Loneliness lied to the left of me and all my emotional disconnections lied on the right. I held onto loneliness tonight feeling more empty than I did before we embraced. However, here I was. This was my place tonight. This was my position.
For a moment I rolled over to emotions I once felt that were now disconnected from me. I remember love. I remember smiling because of him. I remember pillow talk and watching him walk to the bathroom. Sexiness in motion. I didn't forget his pain. I didn't neglect his poison, Was this the fate of every encounter I was suppose to have? Love to pain?
I needed something tonight. It was raining, slightly cold yet you could feel a certain amount of heat from my vents.
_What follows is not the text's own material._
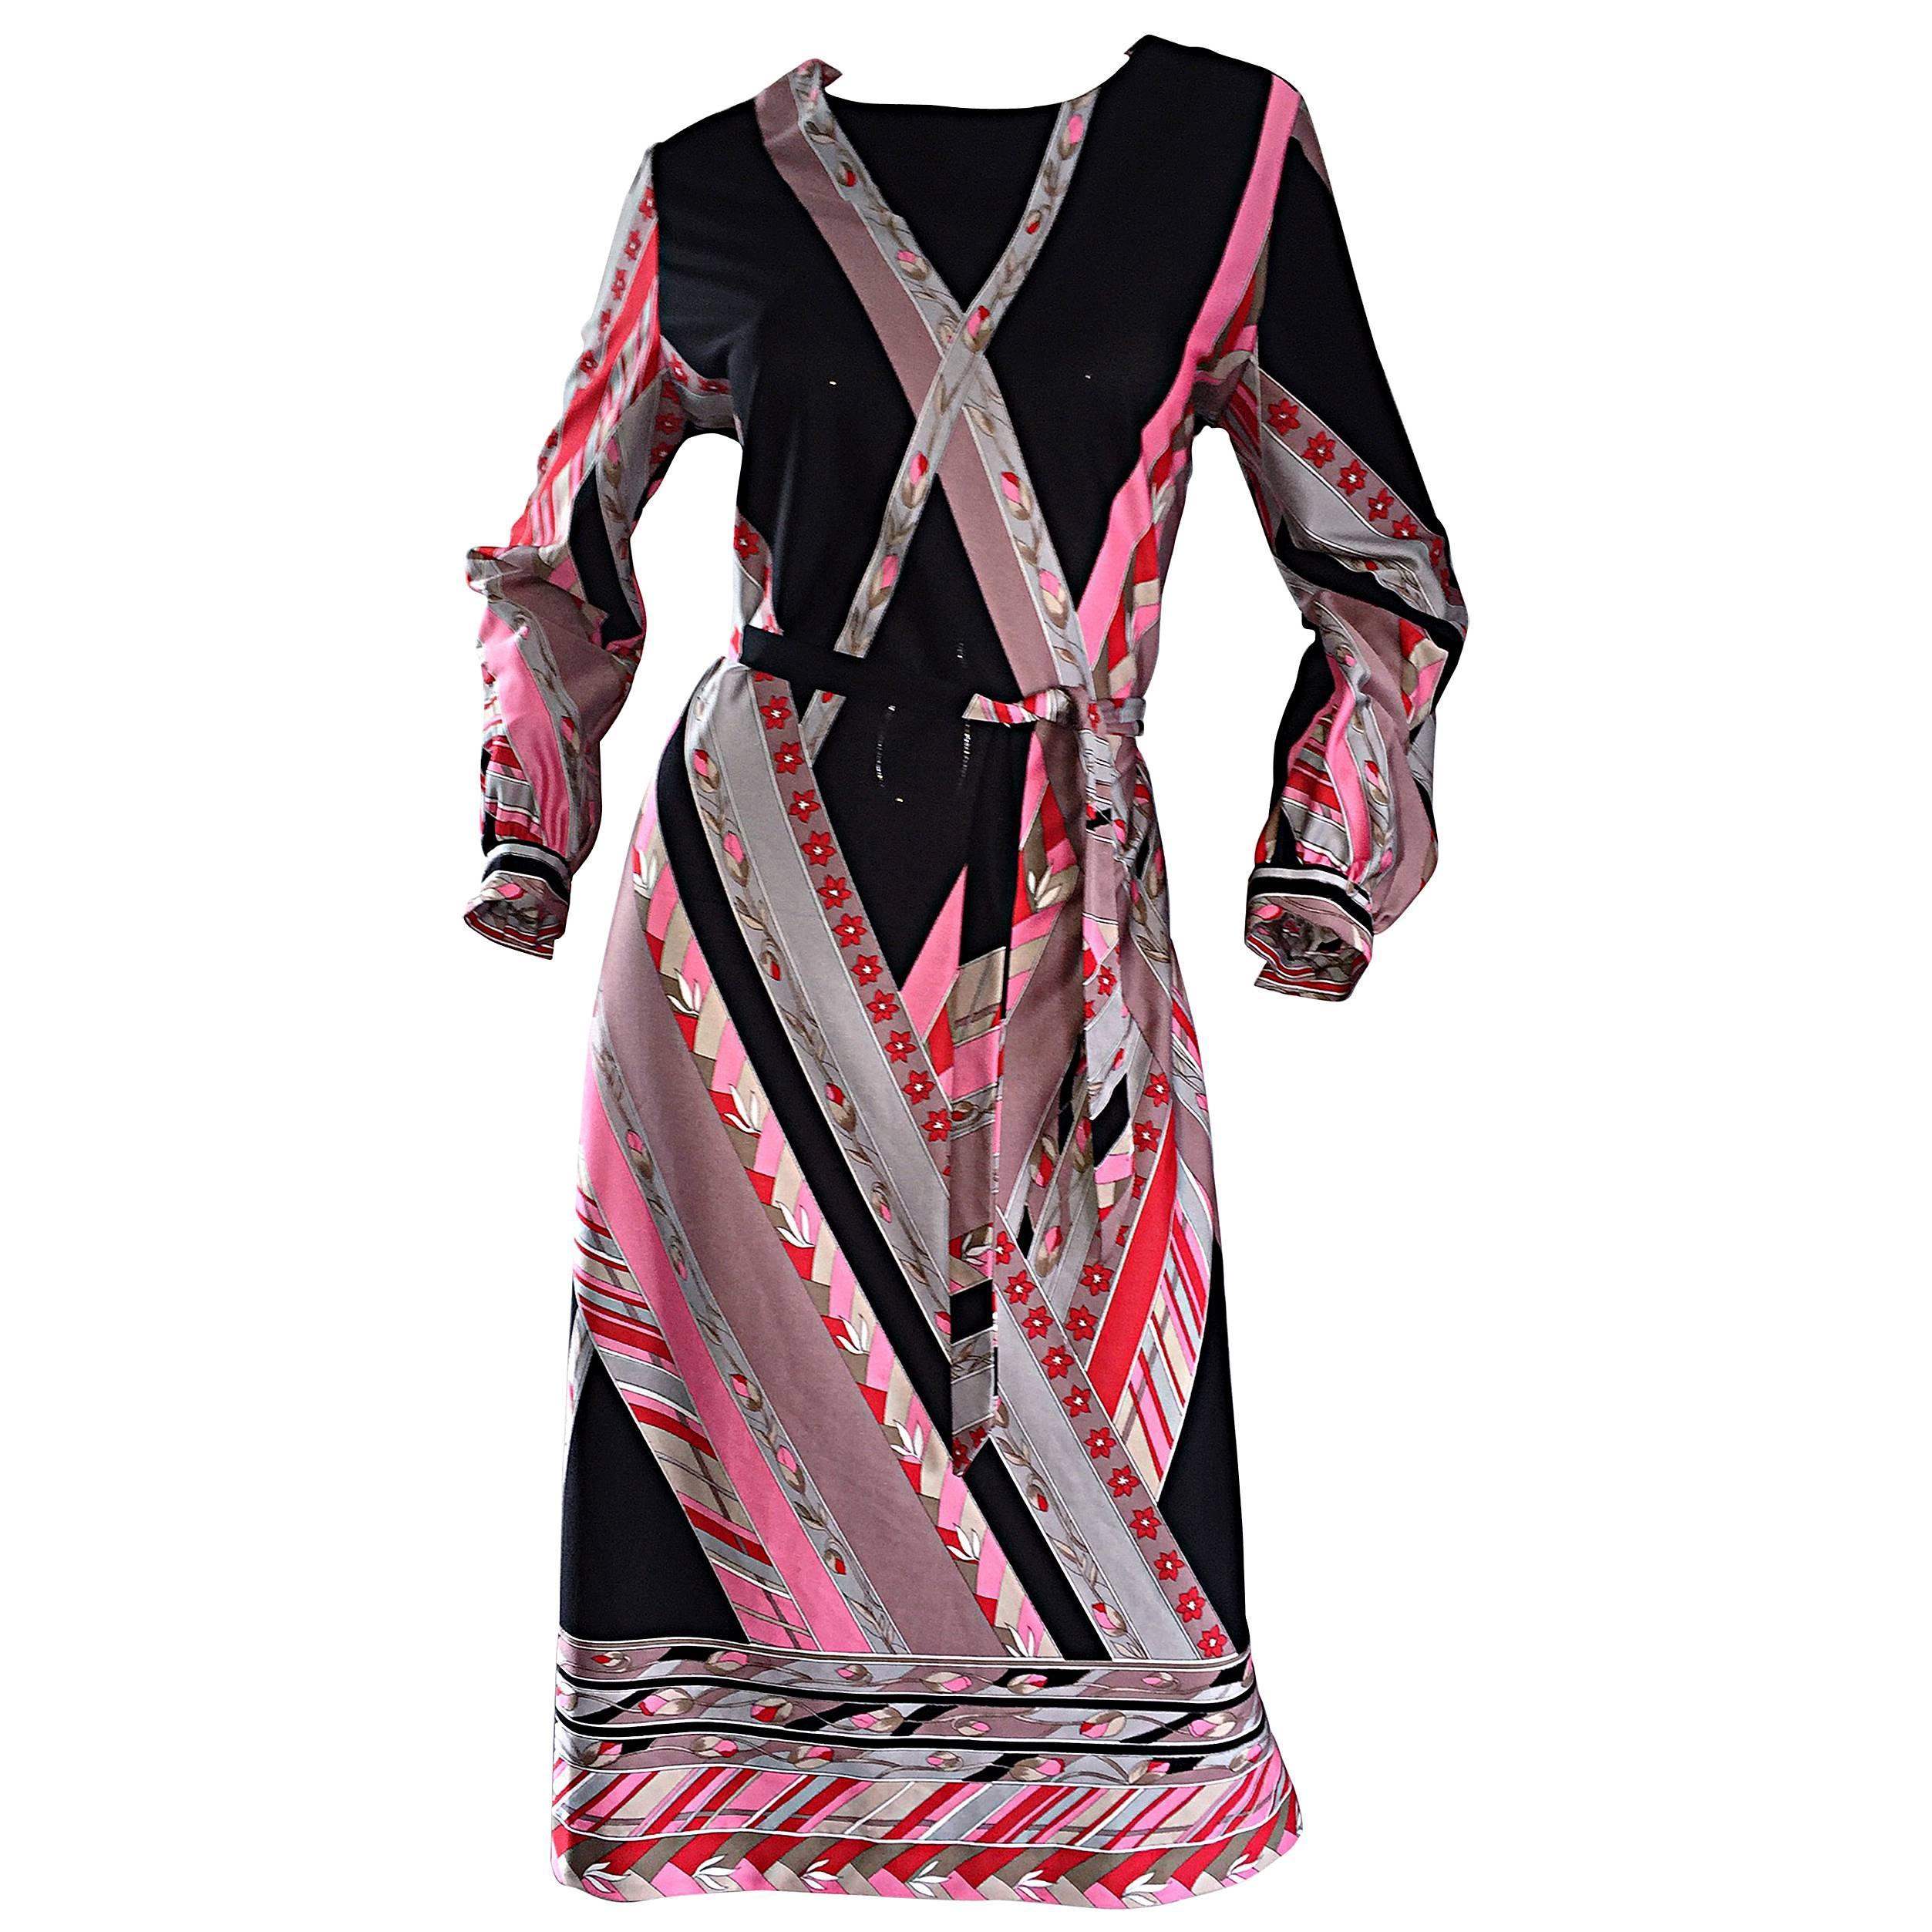 Vintage Lanvin 1970s 70s Large Pink + Red + Gray Belted Geometric Flower Dress

Yet something was missing. Companionship ran back and forth through my mind. It danced, played, imitated musical notes from everything that spelled happiness.
I was okay with being by myself except for the nights when it wasn't okay to be by myself. I wanted tonight like nights I've had before. I wanted the kind of night I saw on TV on a B Movie that was really good but didn't make it to the Big Screen. I wanted tonight like the song the underground artist sings as she carry her EP in her backpack for sell after her open mic performances.
I wanted to be free in emotion with companionship tonight. I wanted to smile at he and he whisper to me. I wanted love just for tonight!